Gastritis. Acute inflammation of the mucous membrane of the walls of the stomach can develop as a result of food poisoning or frequent consumption of excessively hot, sharp, etc. dishes. Chronic gastritis in 90% of cases is caused by the Helicobacter pylori bacteria.

Gastric and duodenal ulcers. In addition to Helicobacter pylori, the cause of peptic ulcer disease can be increased secretion of gastric juice, in which the walls of the stomach are irritated with hydrochloric acid, as well as taking a number of drugs. Such tablets as aspirin, diclofenac, and others, can cause ulceration of the mucosa.

Upset stomach during pregnancy

Functional bowel disorder (constipation, diarrhea) and upper GI tract is a common condition in pregnant women. It is due to changes in the hormonal background and a general reorganization of the functions of all systems and organs. Since the second half of the second trimester, this is accompanied by a constantly increasing intra-abdominal pressure, which has a negative effect on the functioning of the digestive tract.

To alleviate the condition with functional disorders, it is possible, taking food often, but in small portions, and also giving up fatty, spicy foods and foods that cause increased gas formation (beans, cabbage, baked goods).

Diagnosis in case of stomach disorders

Inspection. Before treating an upset stomach or intestines, it is necessary to identify the causes of this condition. Diagnosis begins with a visit to a doctor who collects an anamnesis (asking questions about the symptoms and how long they appeared, diet and lifestyle, occupational employment, taking any pills, etc.). All this information helps the doctor to determine the further direction of the diagnosis and to prescribe the correct treatment of an intestinal disorder or disorders of the upper GI tract.

Instrumental research. The means of accurate diagnosis is ultrasound, x-ray. Depending on the patient’s complaints, one of the listed methods may be prescribed, but the most informative is the EGF.

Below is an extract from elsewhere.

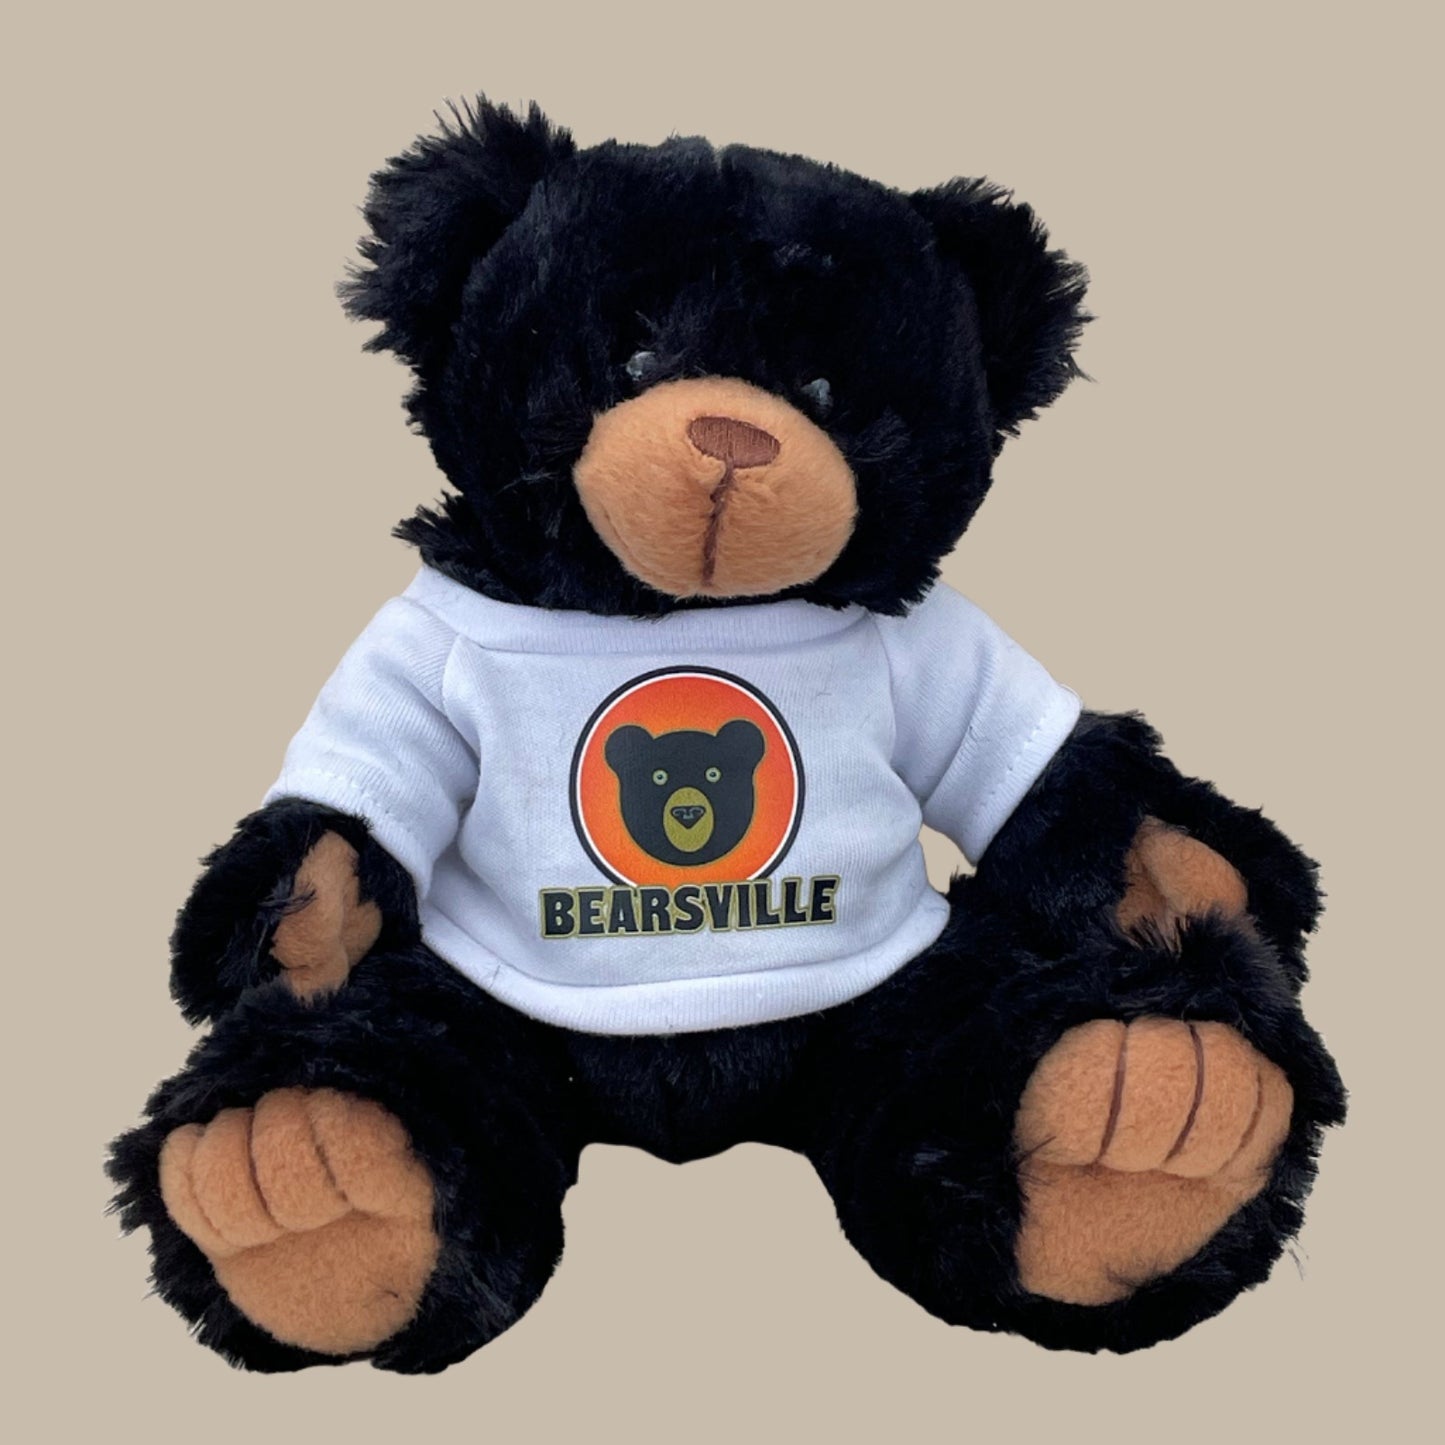 Bearsville Bear wearing Bearsville Tee

Laboratory research. Studies of blood, urine, and feces can identify the infectious cause of a stomach disorder or diarrhea, and also help detect blood traces. It indicates bleeding in the upper gastrointestinal tract or intestine.

Treatment of indigestion

Change in lifestyle and nature of nutrition, abandonment of bad habits, normalization of the daily routine, physical activity and observance of proper nutrition (eating food 5-6 times a day in small portions and at a certain time, minimizing or completely refusing fried, fatty, spicy dishes), all of that prevent the development of such conditions in the future.

Tablets from a stomach disorder can be designed to neutralize the acidic environment (antacid meds) and create a protective barrier on the surface of the mucosa, preventing its irritation (alginate medicines). If the functional disorder of the upper gastrointestinal tract is accompanied by flatulence, diarrhea, constipation, etc., drugs for intestinal disorders in the form of tablets, suspensions, etc. are prescribed separately.

In violations of the upper parts of the digestive tract and intestine, various mechanisms of occurrence, so drug treatment also differs. The action of tablets from intestinal disorders can be aimed at normalizing motor activity, absorbing nutrients, restoring microflora, etc.